→ Task description: The output is a word-for-word repeat of the listing below, free of images.

→ Data shown:
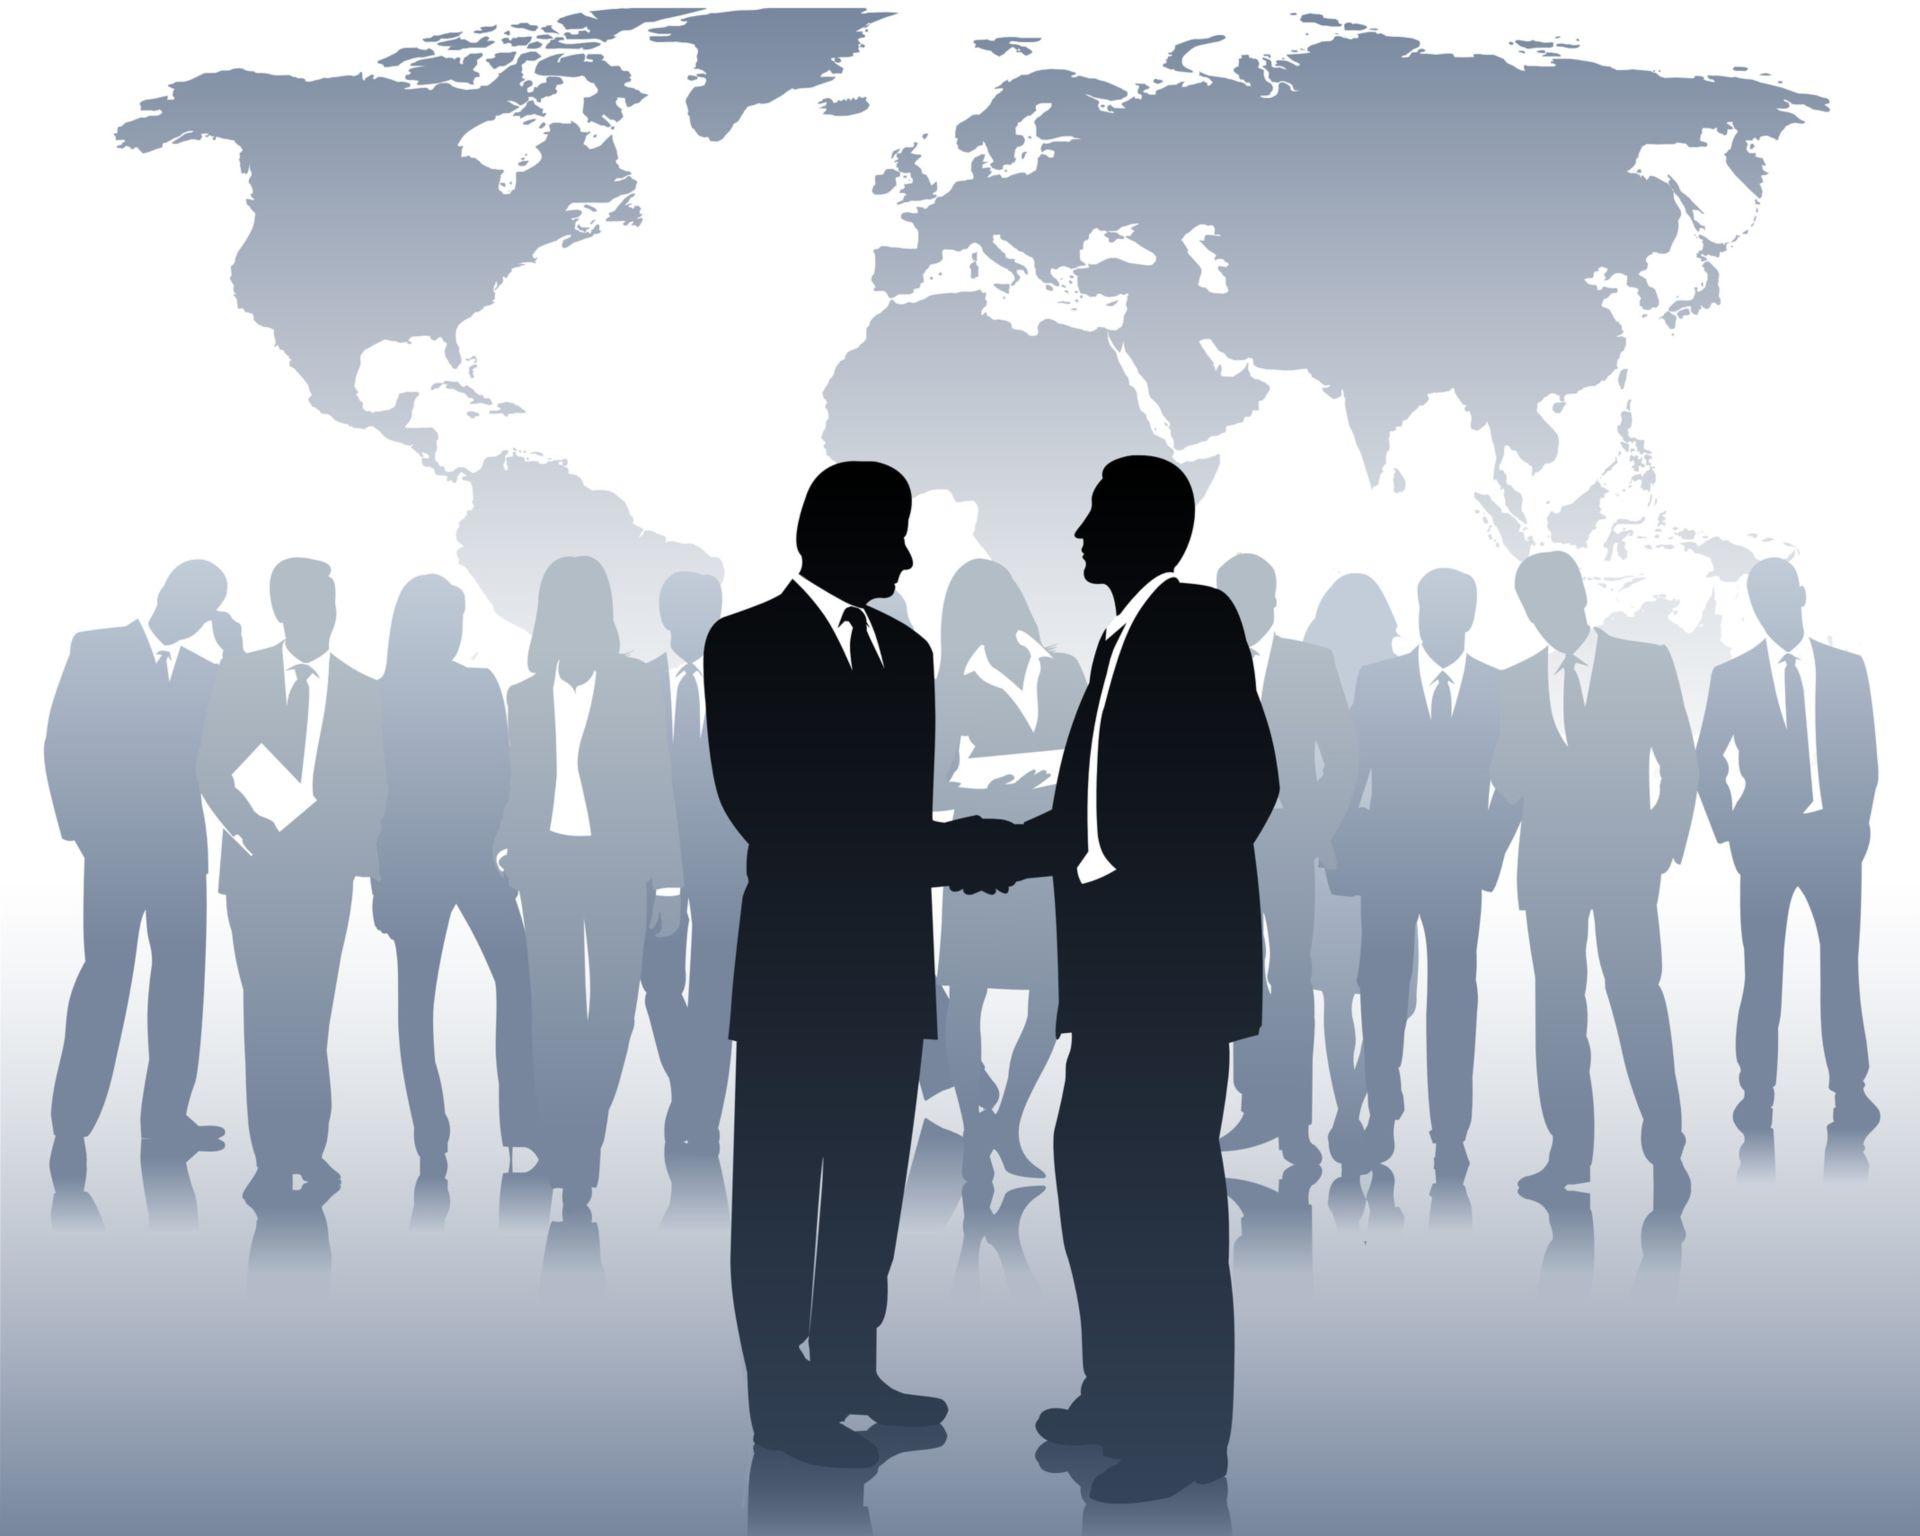 партнеры в бизнесе картинки можно использовать качестве
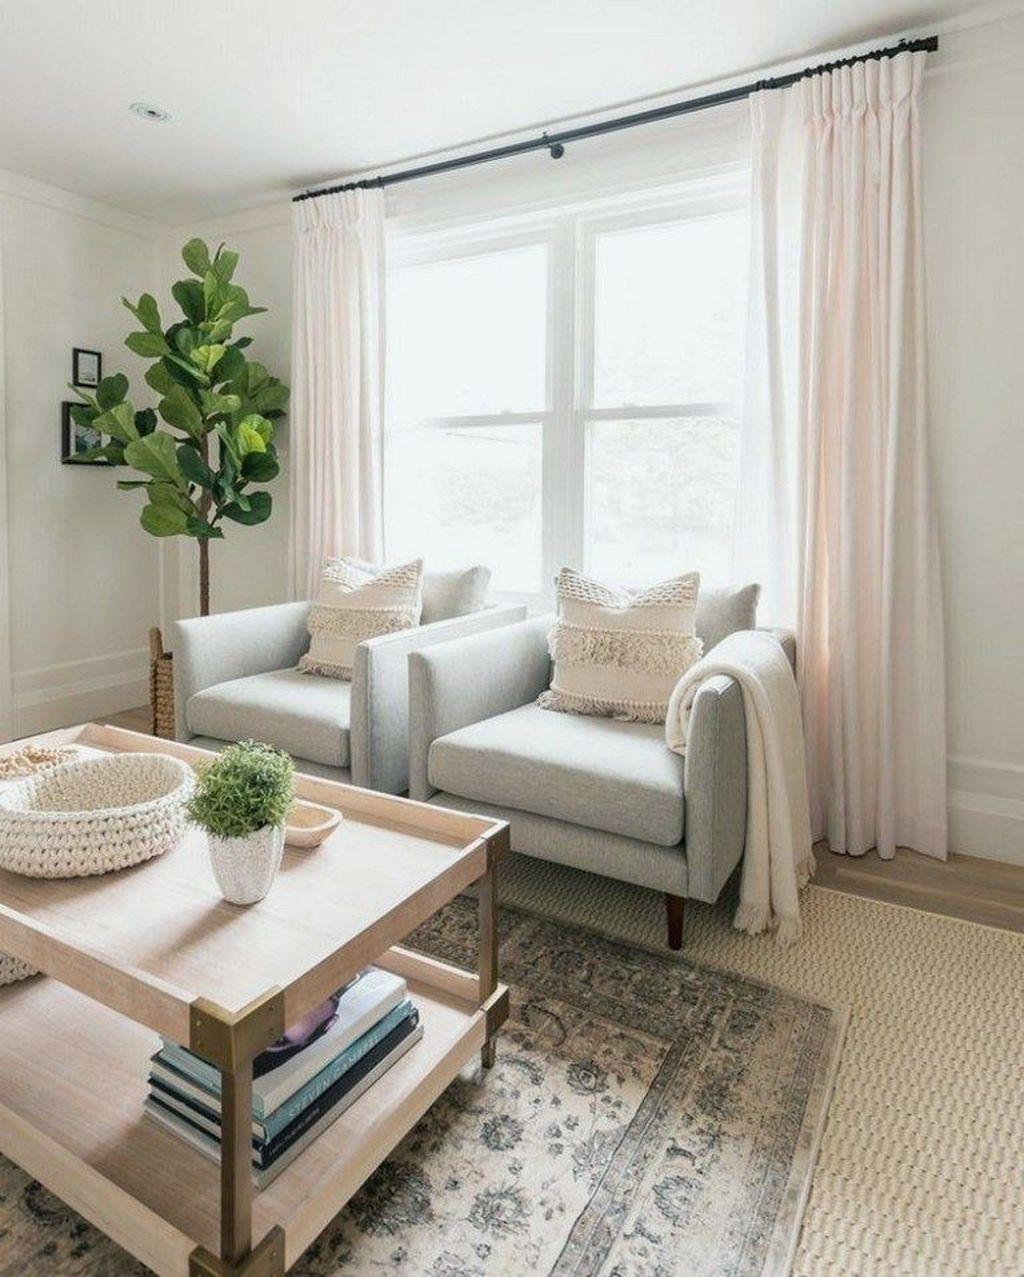 Small Living Roomdesign Ideas: 20+ Wonderful Neutral Living Room Design Ideas To Try
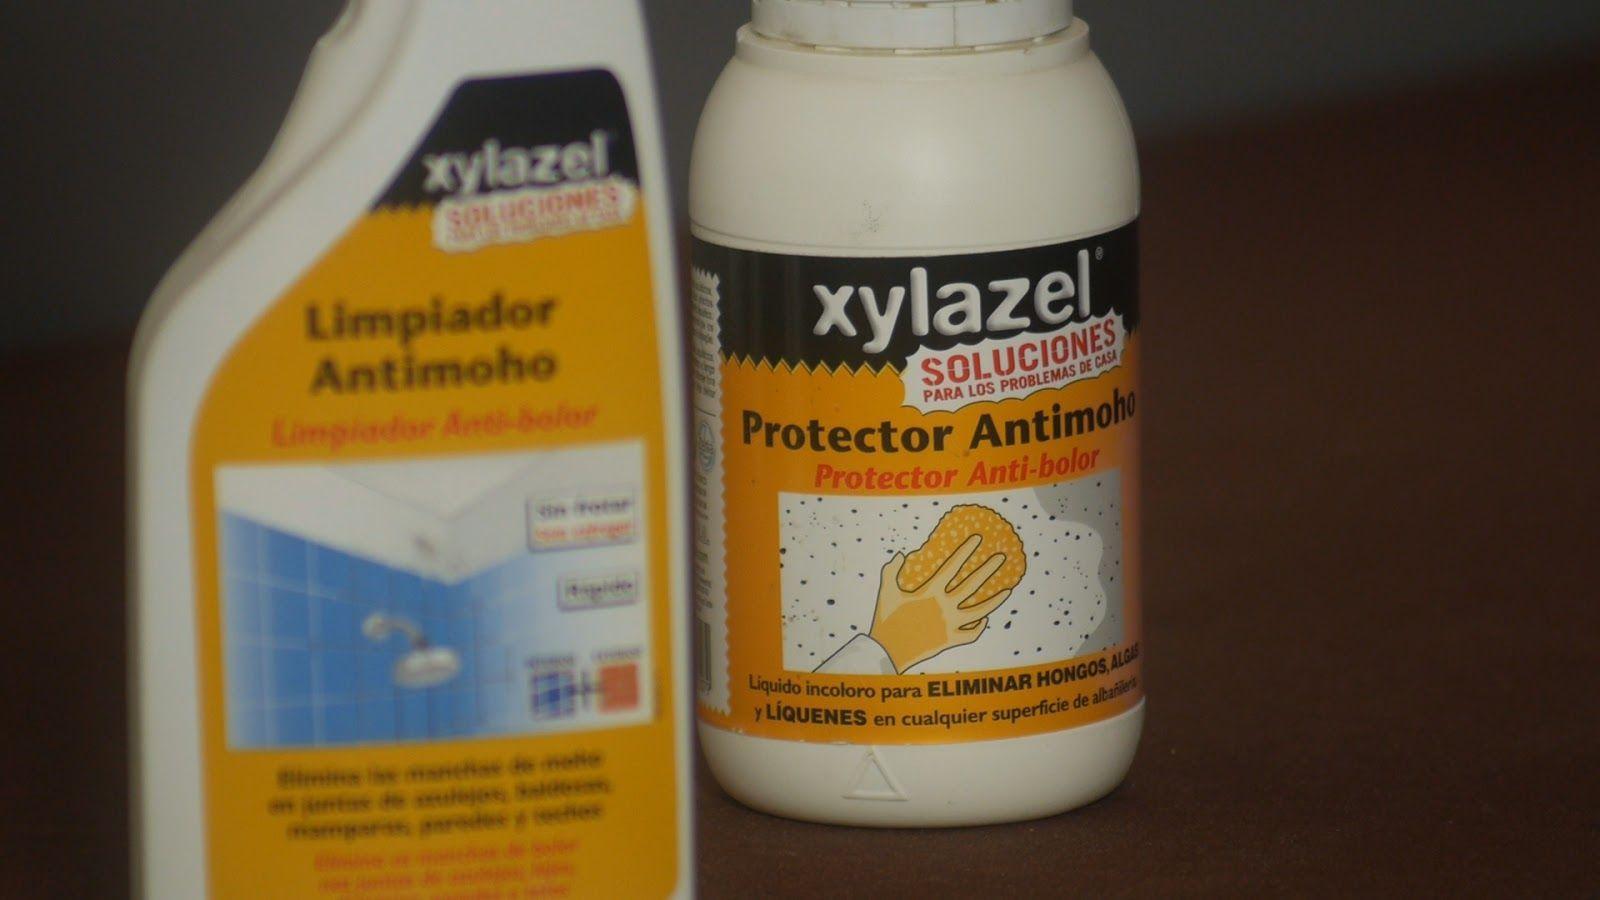 Limpiador y protector antimoho
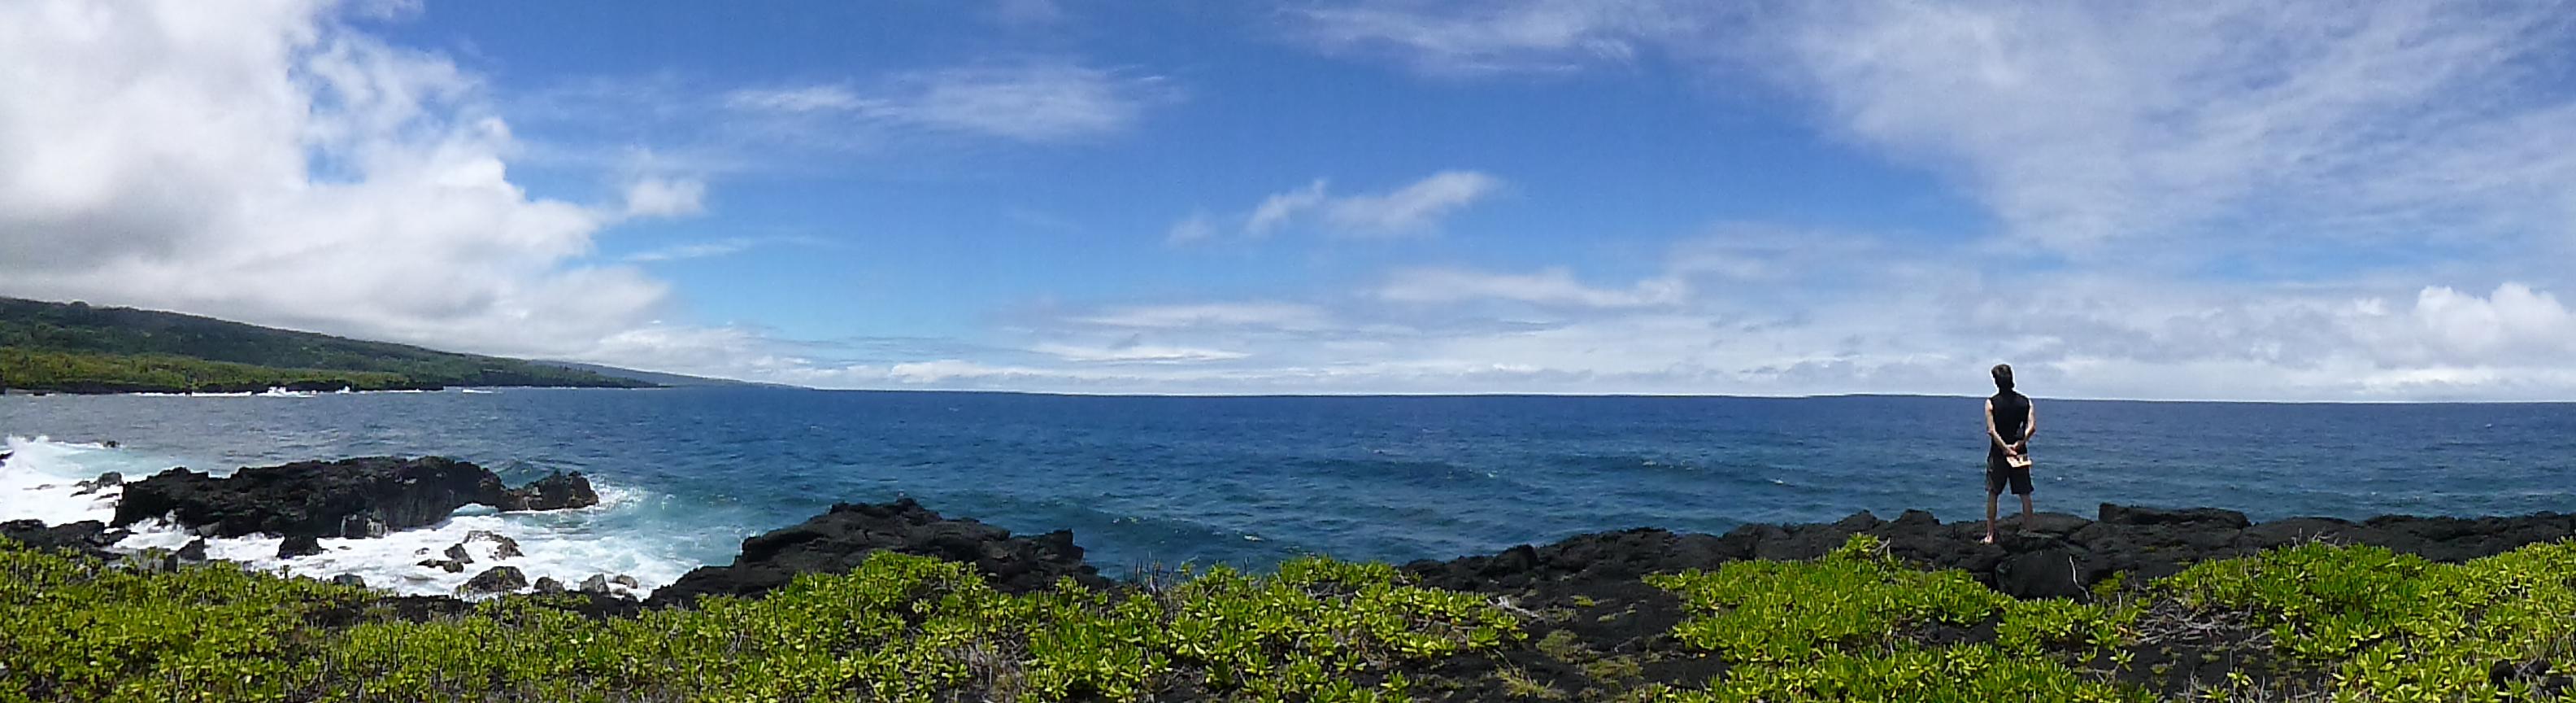 Hawaii  2013 159

→ Task answer:
 партнеры в бизнесе картинки можно использовать качестве
 Small Living Roomdesign Ideas: 20+ Wonderful Neutral Living Room Design Ideas To Try
 Limpiador y protector antimoho
 Hawaii  2013 159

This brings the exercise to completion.